Suppose you drive a distance a, turn right, then drive a distance b. How far are you from where you started?
If a and b are relatively small, then the answer is given by the Pythagorean theorem. Small here means small relative to the radius of the Earth. Any distance you drive is small enough: it matters more that roads are not perfectly straight than that the Earth is not perfectly flat.
Now suppose you fly a distance a, turn right, then fly a distance b. Now how far are you from where you started? Now the curvature of the earth might matter a good deal, and the Pythagorean theorem could give you a poor answer.
Spherical version of the Pythagorean theorem
If a and b are moderately large, we need to look at spherical triangles, not plane triangles. A “straight” line on a sphere is a piece of a great circle, a circle whose center is the center of the sphere. A spherical triangle has three straight sides, straight in the sense of a straight line on a sphere. We need to consider a spherical triangle with sides a and b that meet at right angles, and we want to find the length of the hypotenuse c of the spherical triangle.
The spherical analog of the Pythagorean theorem says
cos(c) = cos(a) cos(b).
This looks weird the first time you see it, because you’re taking the cosine of a side rather than an angle. But on a sphere, the sides are angles. For example, if a side of the triangle is on a meridian, we could measure its length in degrees of latitude. But the theorem above does not require sides to be lined up with any coordinate system. It only requires that the sides a and b meet at a right angle.
Small spherical triangles
Let’s suppose for a moment that a and b are small when measured in radians, small enough that a², b², and ab are negligible compared to a and b. Then we can use the approximation
cos(x) ≈ 1 – x²/2
in the theorem above to show that
c² ≈ a² + b².
This is reassuring since we know the Pythagorean theorem holds for human-scale distances on our planet.

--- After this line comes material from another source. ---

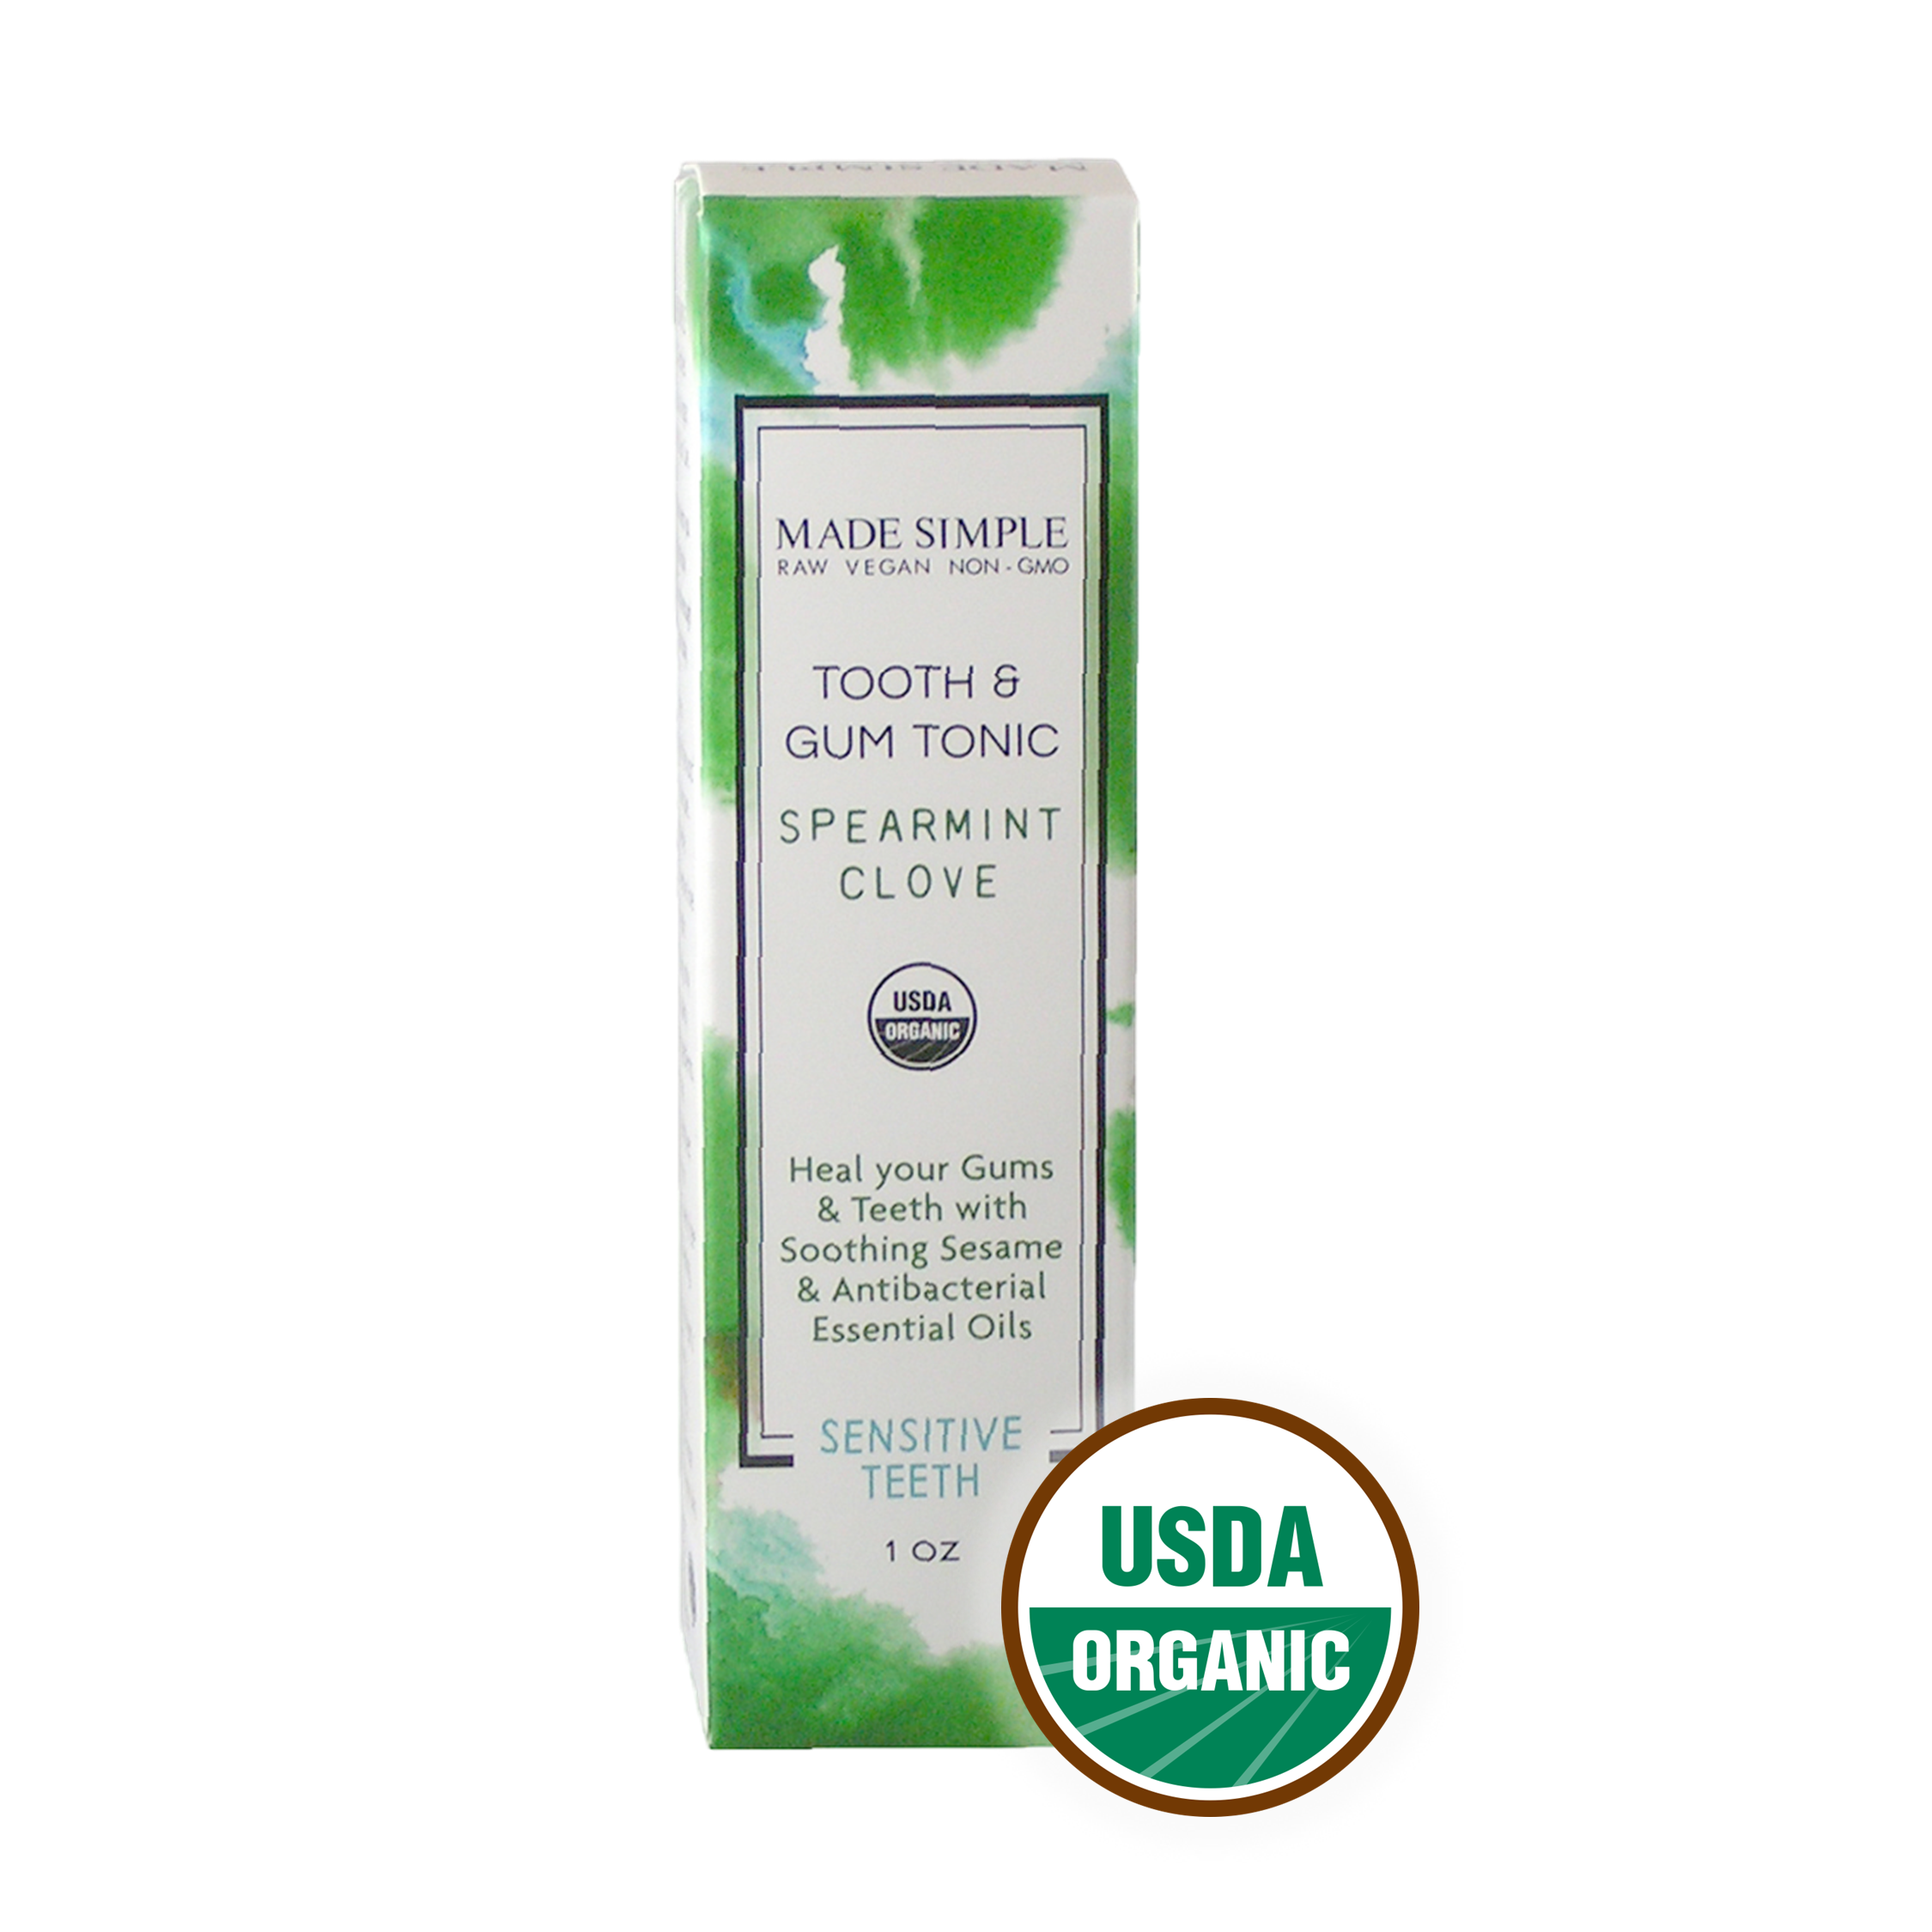 Made-Simple-Skin-Care-Tooth-Gum-Tonic-Spearmint-Clove-USDA-Certified-Organic-Raw-Vegan-NonGMO boxst

Example with a big triangle
Now let’s look at a big triangle. The vertices have longitude and latitude (-80°, 0°), (35°, 0°), and (35°, 30°). These correspond approximately to Quito, Nairobi, and Jerusalem. So a = 115° and b = 30°. We can solve for c and find it equals 111°.
A minute of latitude is a nautical mile; the nautical mile is defined the way to make these kinds of calculations easier. A nautical mile is about 15% longer than a mile.
A degree of a great circle is 60 nautical miles. So our hypotenuse of 111 degrees is 6,660 nautical miles. If we had used the Pythagorean theorem, we would have overestimated this distance as 7,130 nautical miles.
Notice that the triangle with vertices at Quito, Nairobi, and Jerusalem doesn’t look like a triangle when projected flat. Two legs look straight because they follow lines of constant latitude or longitude. But the flight from Jerusalem to Quito is just as straight as the other flights if you look at it on a globe.
Not so great circles
In the example above, I chose Quito and Nairobi because they were near the equator. The equator is a great circle.
Suppose I’d chosen Houston and Wuhan instead. Both cities are at about 30° latitude. I could not find the distance between the two cities by simply subtracting their longitudes because the 30th parallel is not a great circle. Spherical geometry is generally more involved than in the example above.
A great circle path from Houston to Wuhan would not follow the 30th parallel but would actually cross Alaska. The great circle distance is 6,800 nautical miles. Flying along a path of 30° latitude would add an extra 1,000 nautical miles to the flight.
Can you suggest an introductory text on spherical geometry please John?
There’s a book that came out a few years ago: Heavenly Mathematics: The Forgotten Art of Spherical Trigonometry by Glen Van Brummelen.
It’s a mixture of history and mathematics. If your primary goal is to learn the math, read the first four chapters lightly, but concentrate on chapters 5 and 6.